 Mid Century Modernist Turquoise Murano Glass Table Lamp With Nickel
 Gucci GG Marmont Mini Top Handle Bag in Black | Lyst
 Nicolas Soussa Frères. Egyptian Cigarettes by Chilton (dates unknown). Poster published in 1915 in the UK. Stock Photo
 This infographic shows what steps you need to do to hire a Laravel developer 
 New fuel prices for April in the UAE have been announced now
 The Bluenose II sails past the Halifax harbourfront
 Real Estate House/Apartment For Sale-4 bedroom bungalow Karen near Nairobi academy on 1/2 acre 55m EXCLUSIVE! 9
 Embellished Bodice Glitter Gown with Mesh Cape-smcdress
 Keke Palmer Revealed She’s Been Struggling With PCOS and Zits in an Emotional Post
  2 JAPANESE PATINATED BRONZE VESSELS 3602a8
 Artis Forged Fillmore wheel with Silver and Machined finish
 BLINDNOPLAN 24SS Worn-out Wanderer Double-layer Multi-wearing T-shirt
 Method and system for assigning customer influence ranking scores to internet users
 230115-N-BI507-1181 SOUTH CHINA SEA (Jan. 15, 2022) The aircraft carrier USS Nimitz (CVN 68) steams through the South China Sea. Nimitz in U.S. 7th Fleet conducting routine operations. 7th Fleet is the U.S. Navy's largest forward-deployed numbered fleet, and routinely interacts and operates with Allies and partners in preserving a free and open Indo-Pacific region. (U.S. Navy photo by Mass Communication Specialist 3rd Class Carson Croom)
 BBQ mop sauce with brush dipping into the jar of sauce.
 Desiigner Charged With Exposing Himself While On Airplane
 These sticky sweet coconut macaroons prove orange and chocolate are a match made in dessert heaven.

-=-=-=-=-

◆ What the task asks ◆
Could you copy out the data in full, exactly as it is written?

◆ Exercise output ◆
 Mid Century Modernist Turquoise Murano Glass Table Lamp With Nickel
 Gucci GG Marmont Mini Top Handle Bag in Black | Lyst
 Nicolas Soussa Frères. Egyptian Cigarettes by Chilton (dates unknown). Poster published in 1915 in the UK. Stock Photo
 This infographic shows what steps you need to do to hire a Laravel developer 
 New fuel prices for April in the UAE have been announced now
 The Bluenose II sails past the Halifax harbourfront
 Real Estate House/Apartment For Sale-4 bedroom bungalow Karen near Nairobi academy on 1/2 acre 55m EXCLUSIVE! 9
 Embellished Bodice Glitter Gown with Mesh Cape-smcdress
 Keke Palmer Revealed She’s Been Struggling With PCOS and Zits in an Emotional Post
  2 JAPANESE PATINATED BRONZE VESSELS 3602a8
 Artis Forged Fillmore wheel with Silver and Machined finish
 BLINDNOPLAN 24SS Worn-out Wanderer Double-layer Multi-wearing T-shirt
 Method and system for assigning customer influence ranking scores to internet users
 230115-N-BI507-1181 SOUTH CHINA SEA (Jan. 15, 2022) The aircraft carrier USS Nimitz (CVN 68) steams through the South China Sea. Nimitz in U.S. 7th Fleet conducting routine operations. 7th Fleet is the U.S. Navy's largest forward-deployed numbered fleet, and routinely interacts and operates with Allies and partners in preserving a free and open Indo-Pacific region. (U.S. Navy photo by Mass Communication Specialist 3rd Class Carson Croom)
 BBQ mop sauce with brush dipping into the jar of sauce.
 Desiigner Charged With Exposing Himself While On Airplane
 These sticky sweet coconut macaroons prove orange and chocolate are a match made in dessert heaven.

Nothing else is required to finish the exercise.